BEGIN

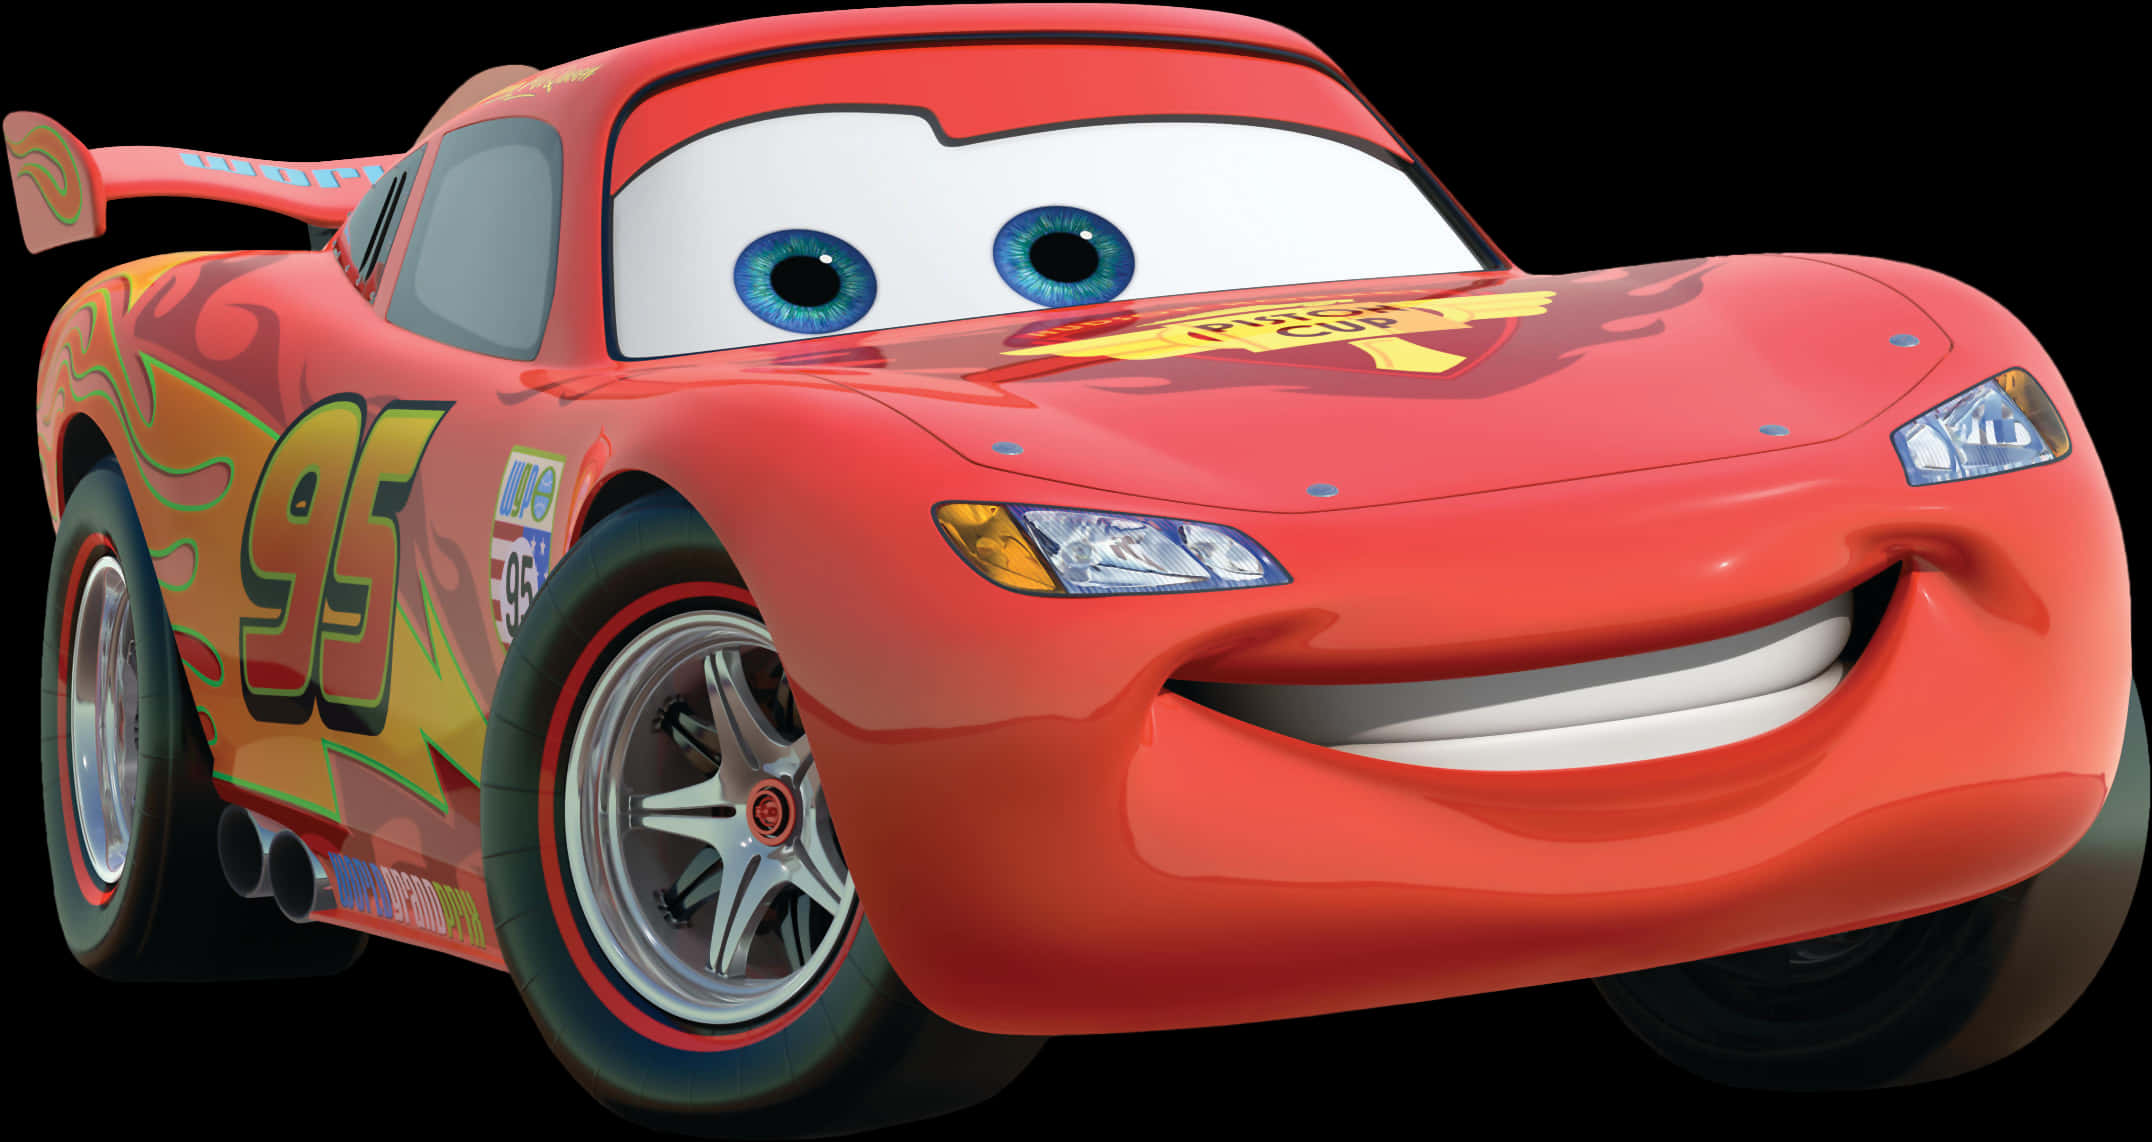 A Red Car With A Smiling Face
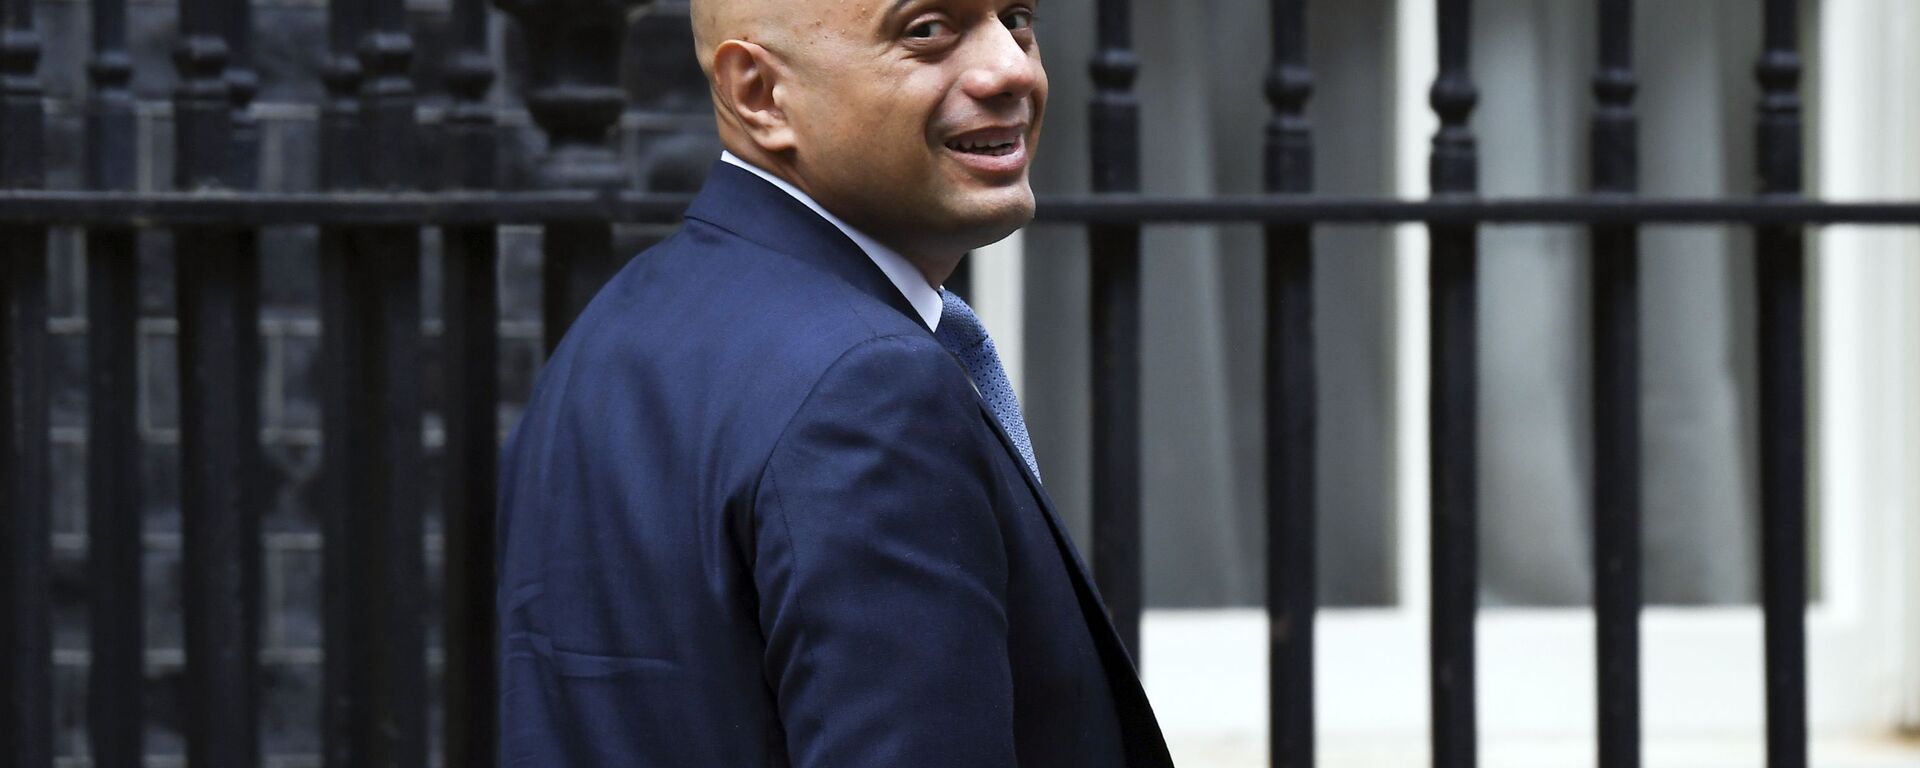 British Chancellor of the Exchequer Sajid Javid leaves 11 Downing Street in London, Wednesday, 4 September 2019 - Sputnik International, 1920, 09.07.2021
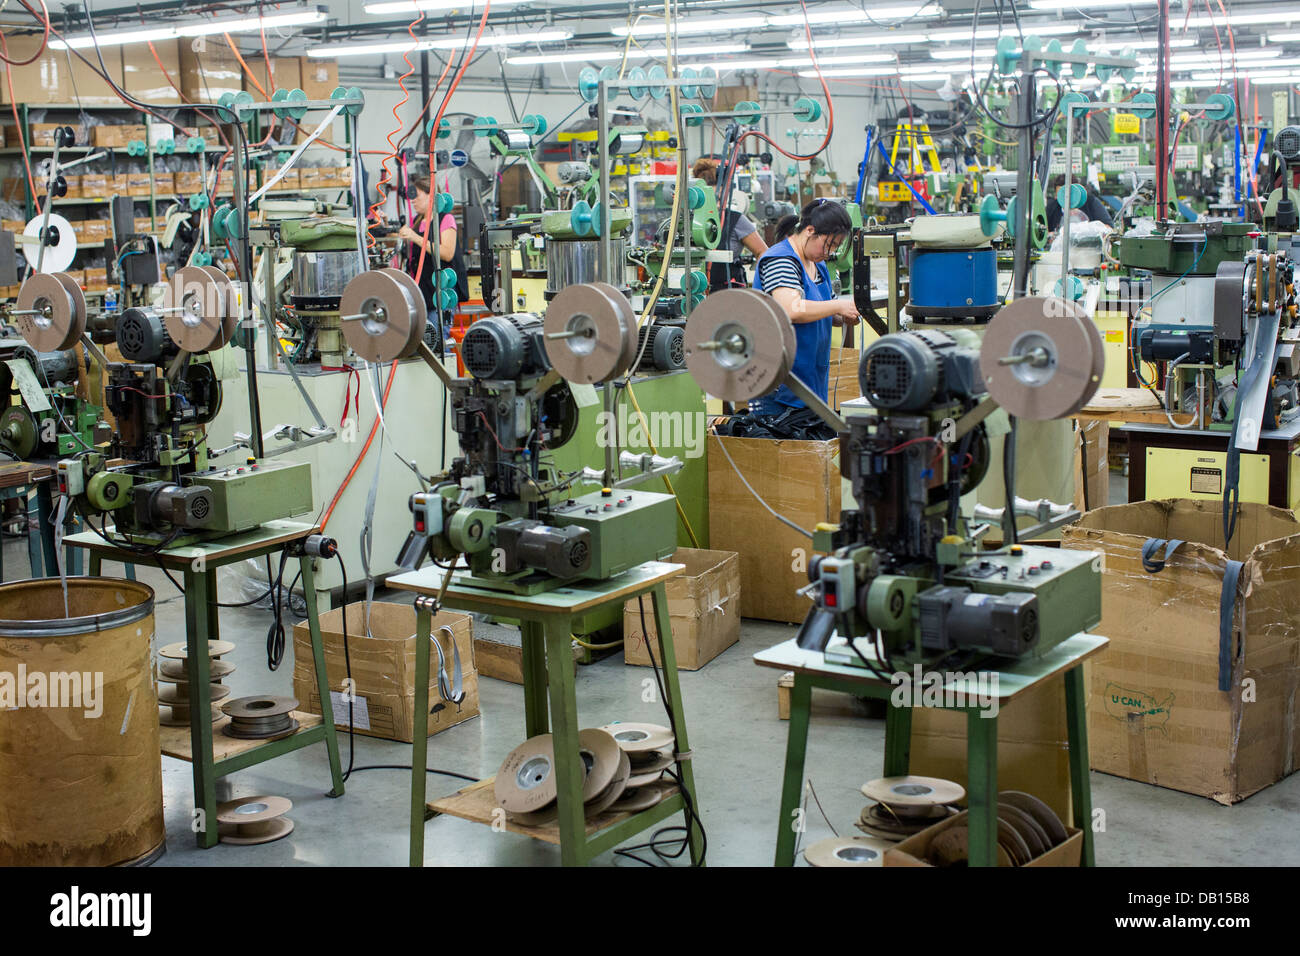 The UCAN zipper factory in downtown Los Angeles. Stock Photo

END

Aim of the exercise – Copy out the listing exactly as it stands, but not the pictures.

Output –
 A Red Car With A Smiling Face
 British Chancellor of the Exchequer Sajid Javid leaves 11 Downing Street in London, Wednesday, 4 September 2019 - Sputnik International, 1920, 09.07.2021
 The UCAN zipper factory in downtown Los Angeles. Stock Photo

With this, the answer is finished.